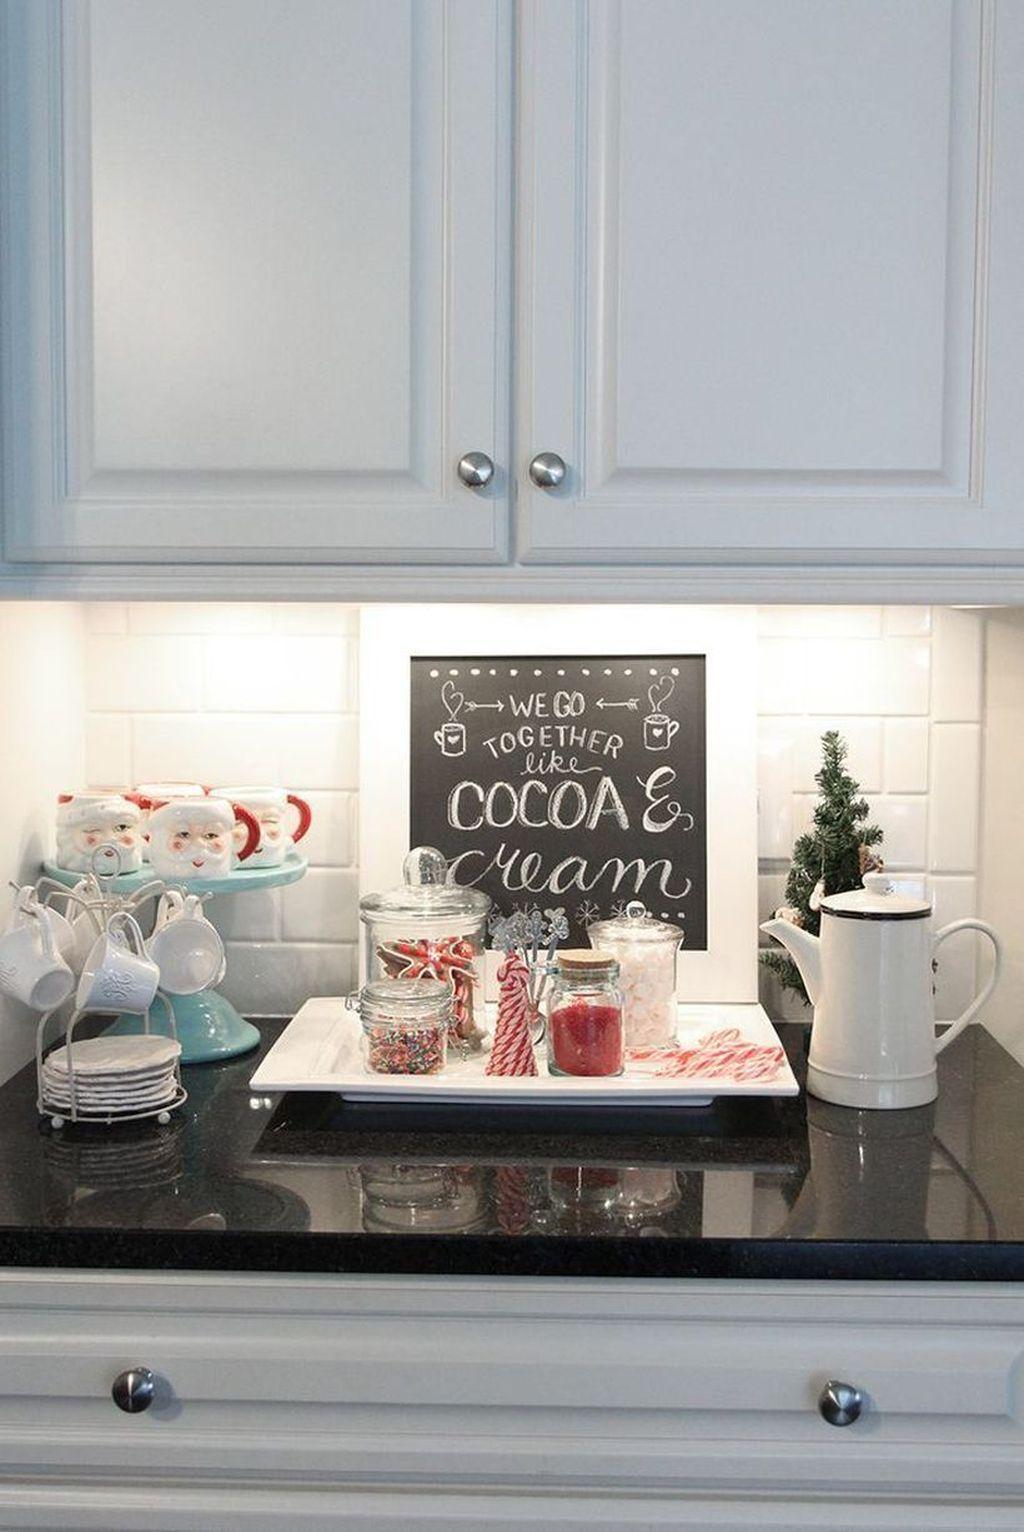 Awesome Christmas Theme Kitchen Decor Ideas 12
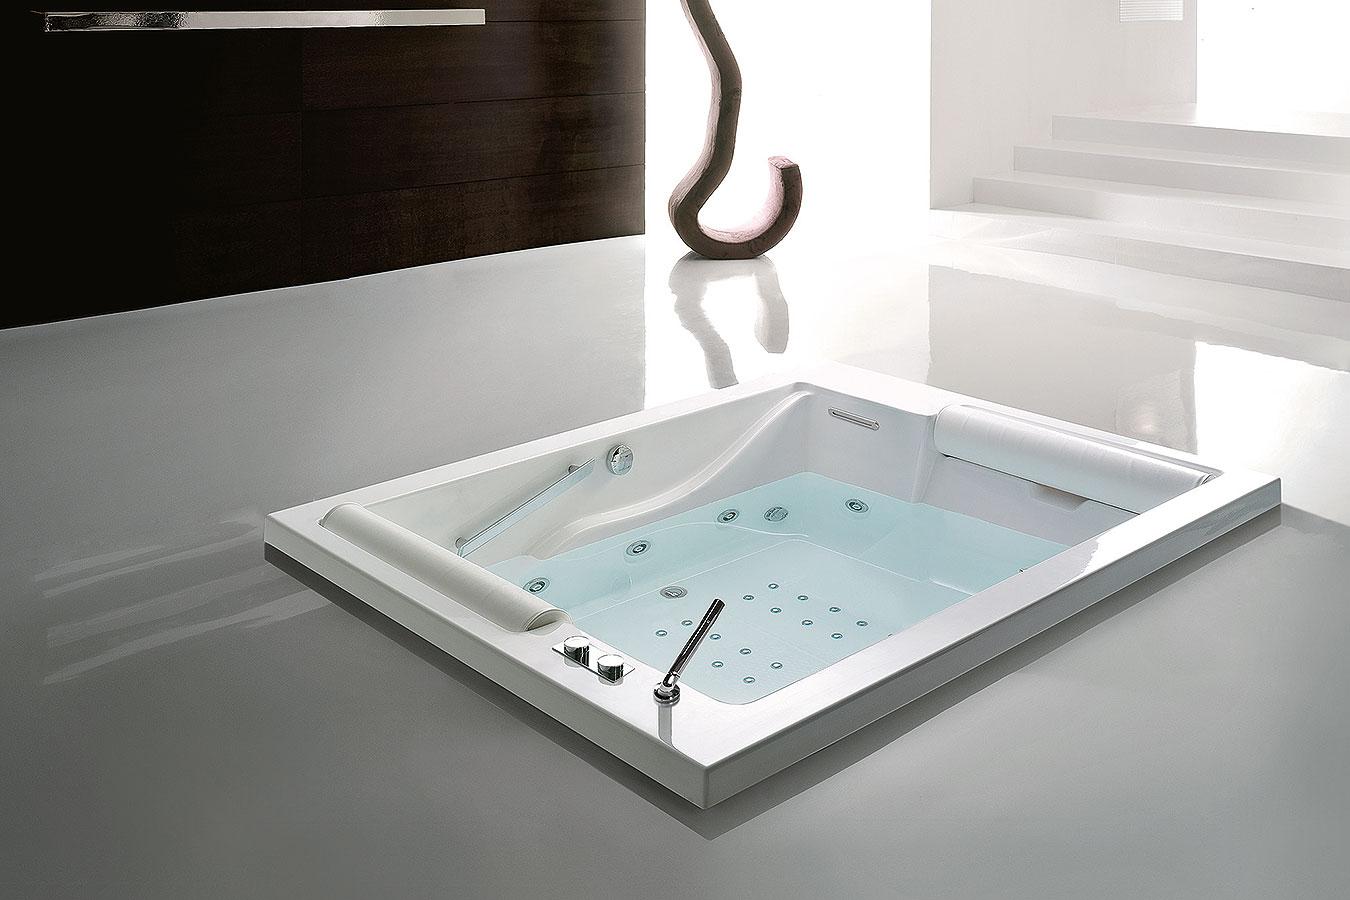 Vasca Da Bagno Misure Grandi : Treesse vasche e cabine di qualità scopri i modelli da euroedil
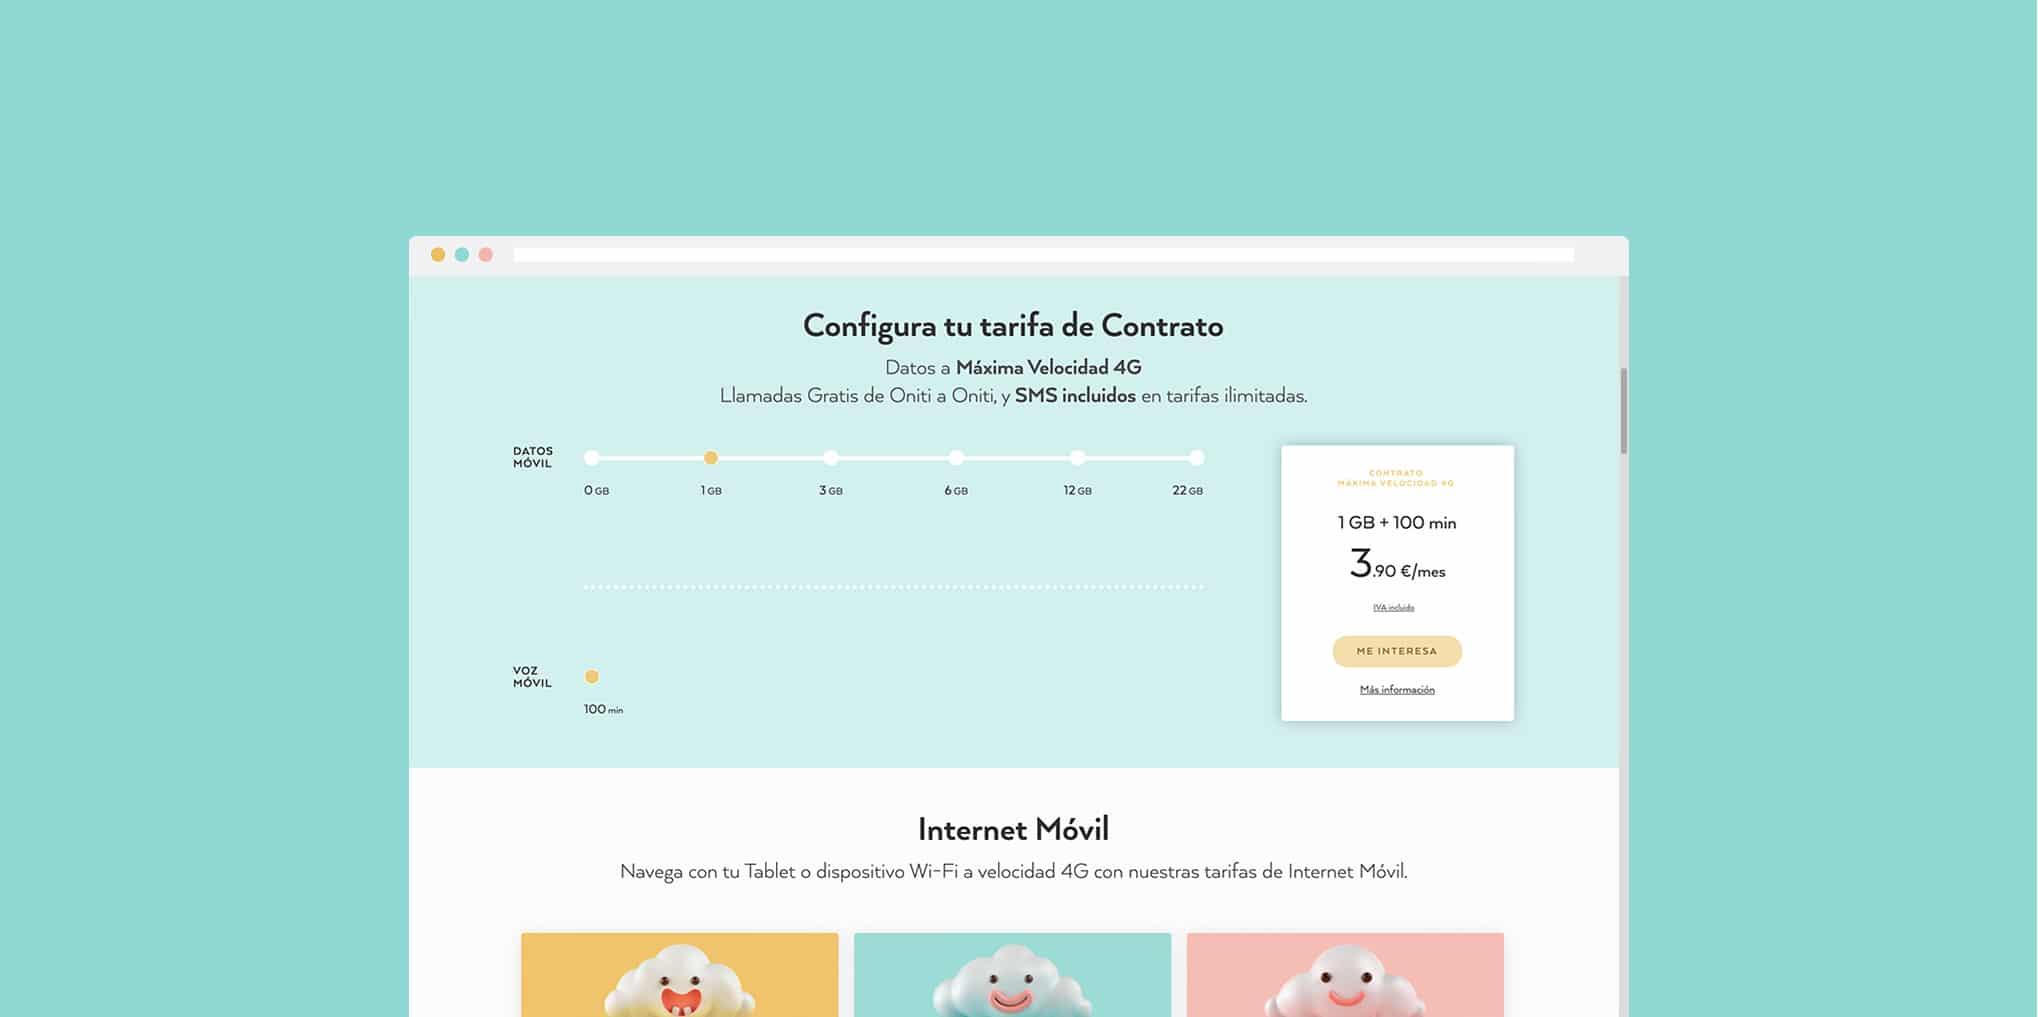 web-configura-tu-tarifa-1
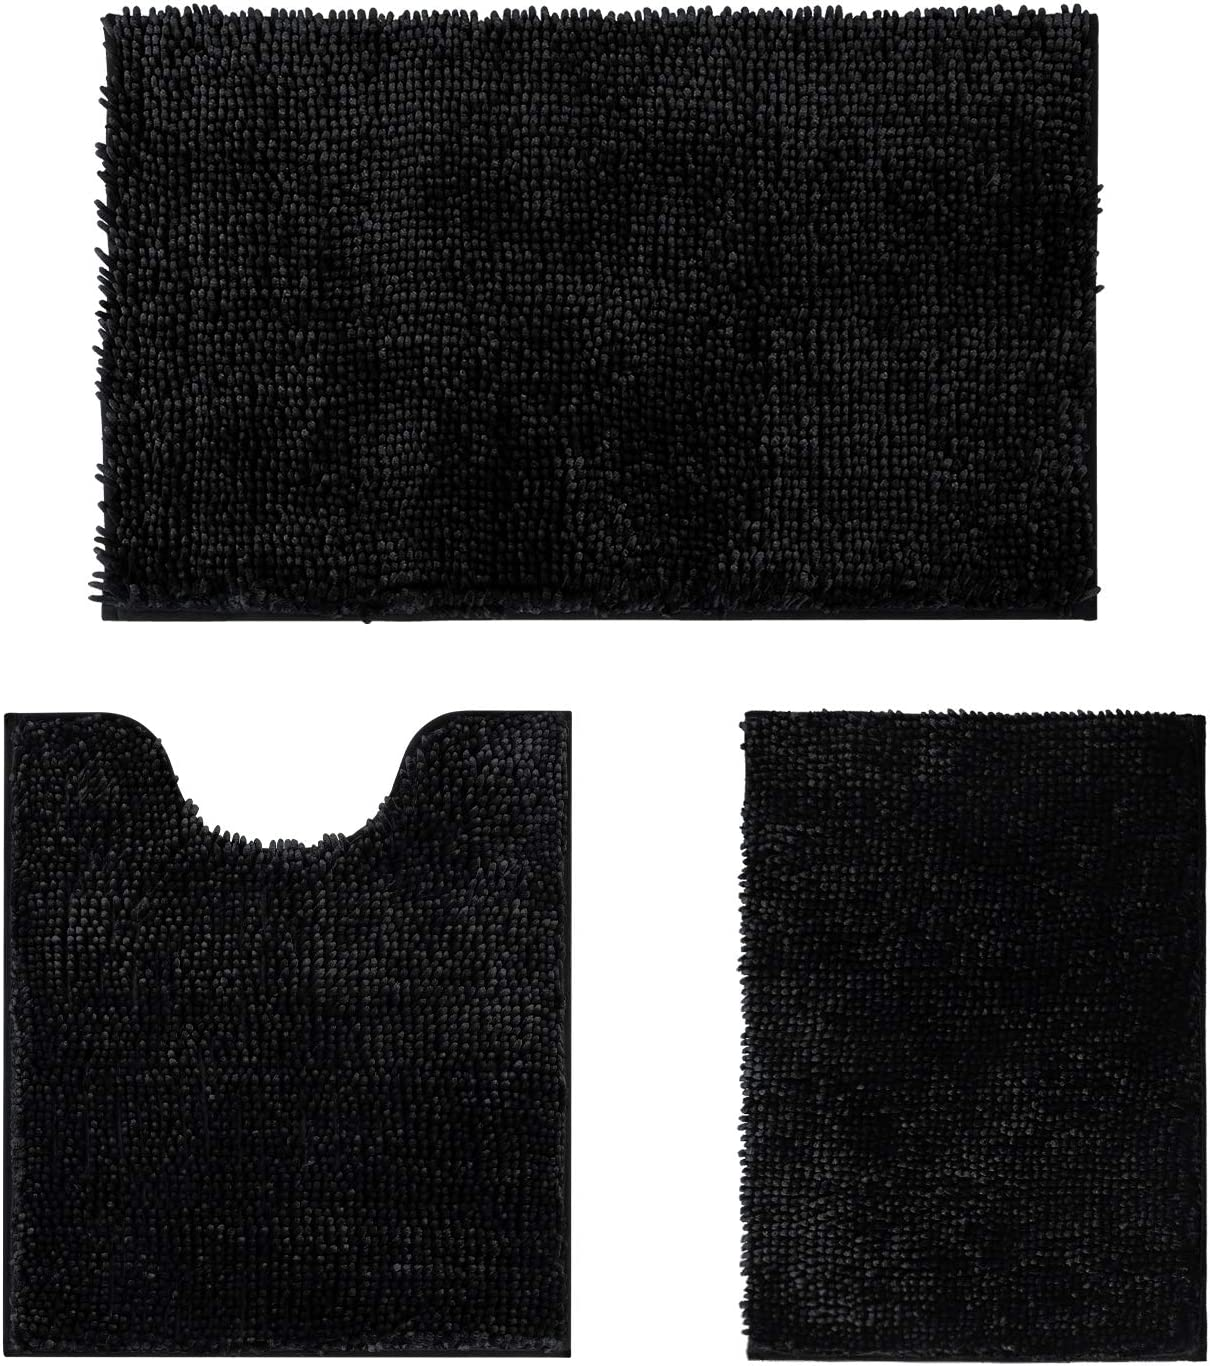 HOMEIDEAS 3 Pieces Outlet sale feature Bathroom Department store Rugs Velve Set Black
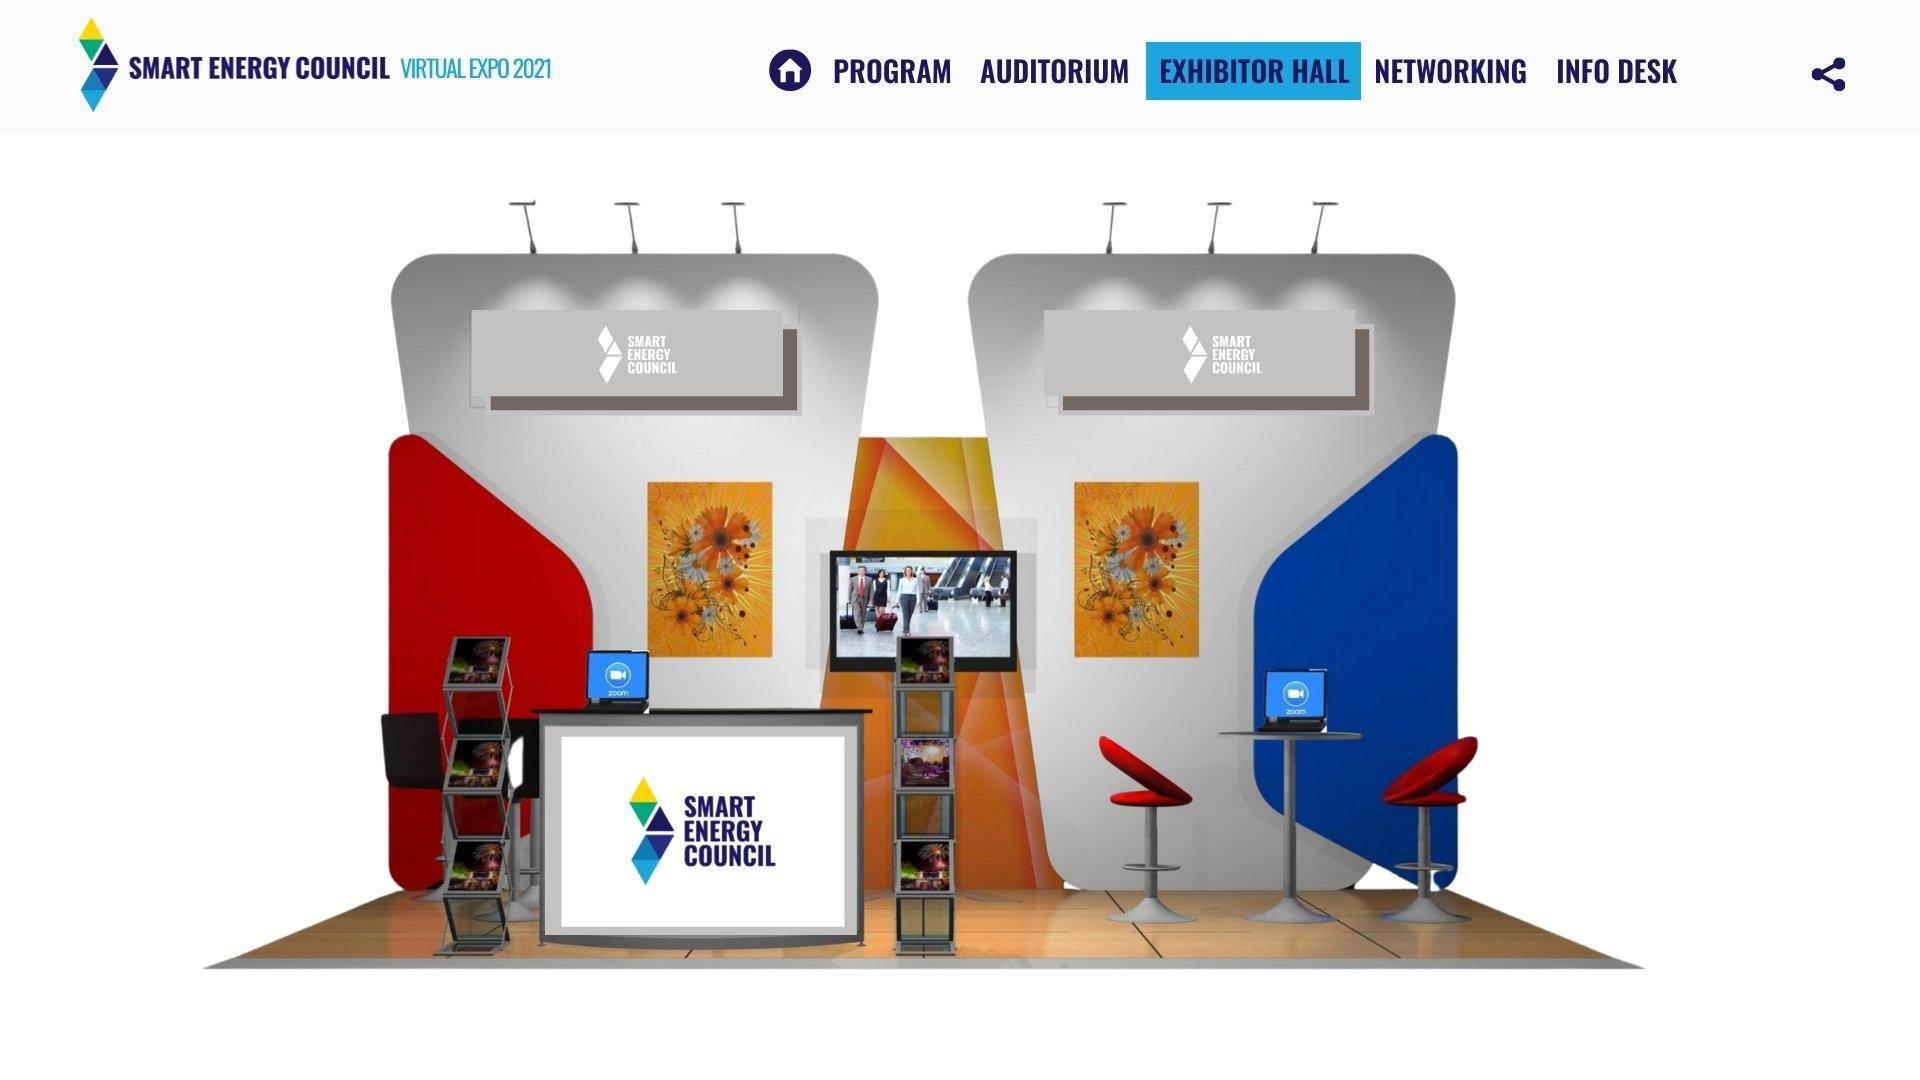 Virtual Expo design 2021
####################
Could the listing above be transcribed exactly, with the pictures left out?

 Awesome Christmas Theme Kitchen Decor Ideas 12
 Vasca Da Bagno Misure Grandi : Treesse vasche e cabine di qualità scopri i modelli da euroedil
 web-configura-tu-tarifa-1
 HOMEIDEAS 3 Pieces Outlet sale feature Bathroom Department store Rugs Velve Set Black
 Virtual Expo design 2021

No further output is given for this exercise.